Problem to work on:
What is needed is an exact reproduction of the listing, without its pictures.

Source data:
Start of Block
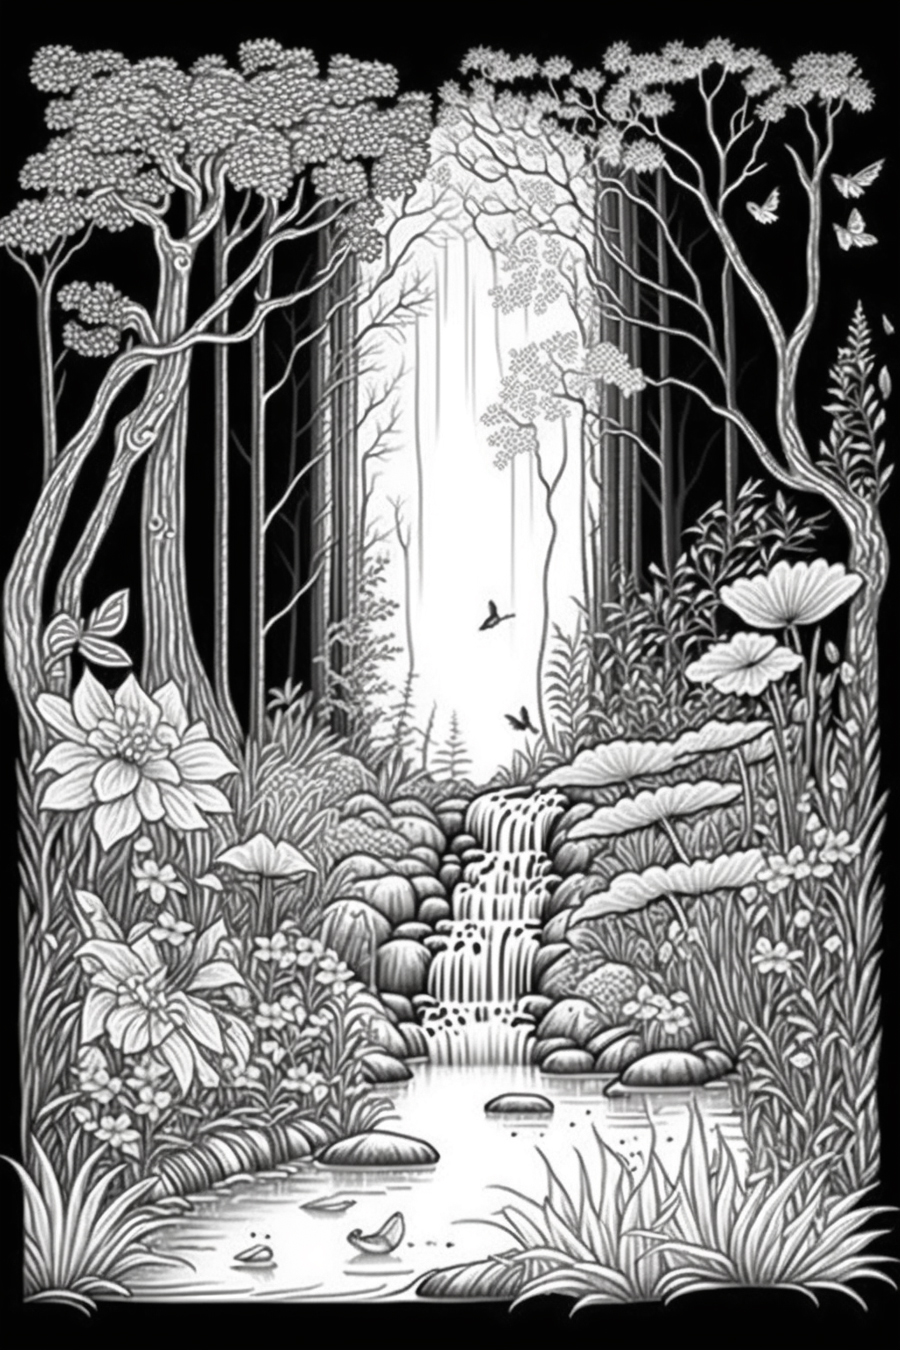 A black and white drawing of a waterfall in the forest.
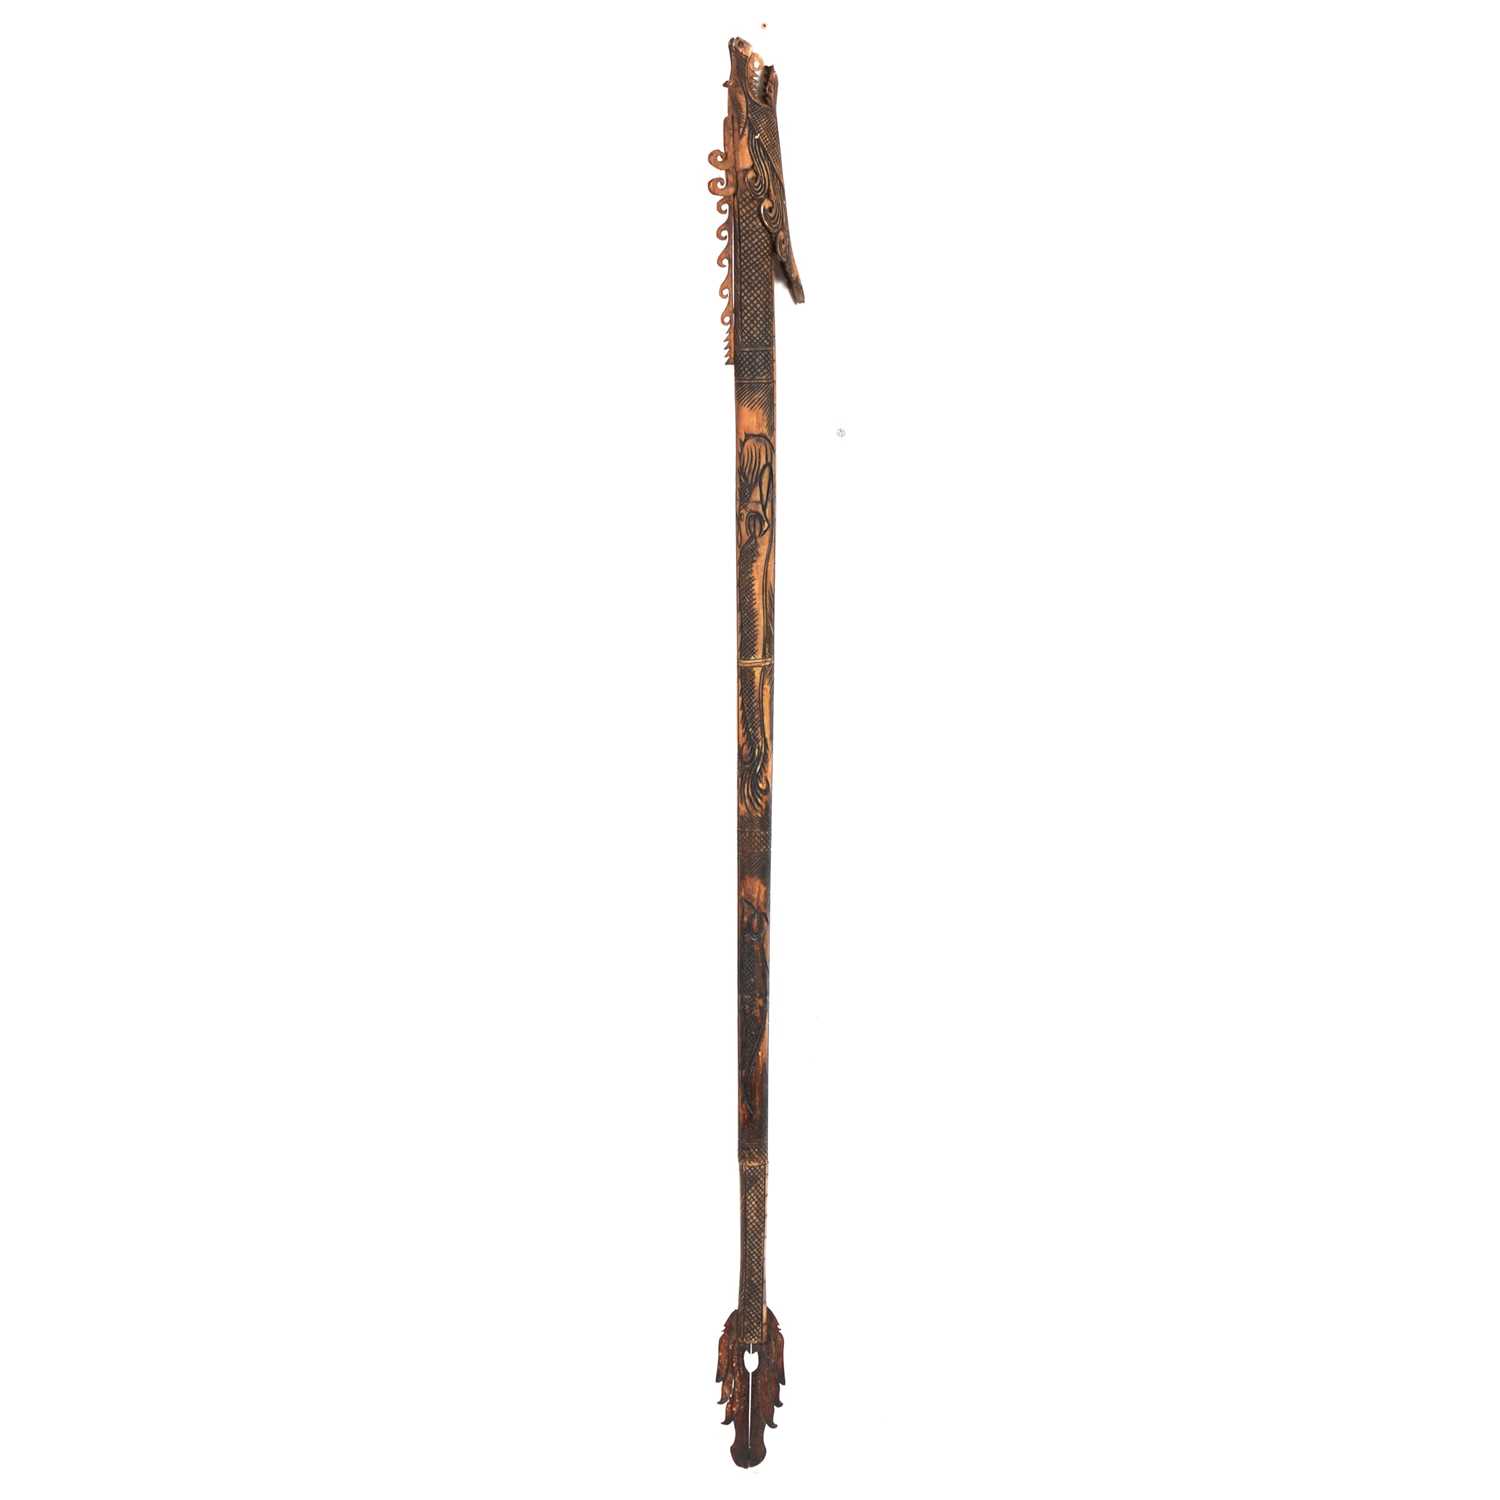 Reproduction ceremonial staff in the form of a sea serpent
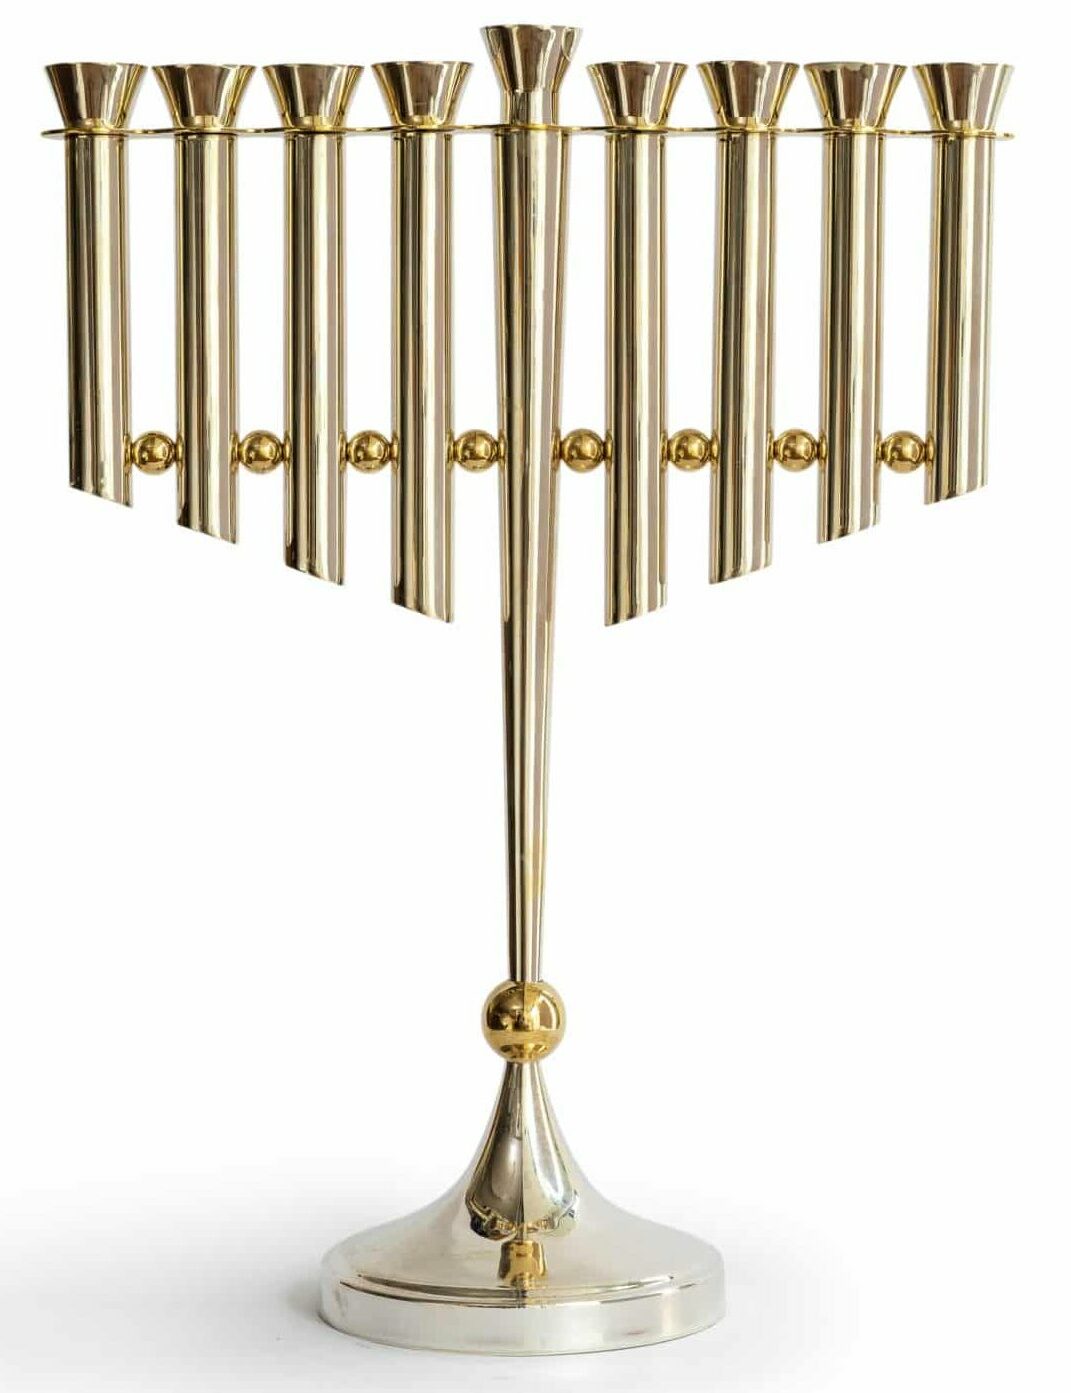 Unique and Large Chabad Menorah from Silver and Gold
End of Block
Problem solution:
 A black and white drawing of a waterfall in the forest.
 Reproduction ceremonial staff in the form of a sea serpent
 Unique and Large Chabad Menorah from Silver and Gold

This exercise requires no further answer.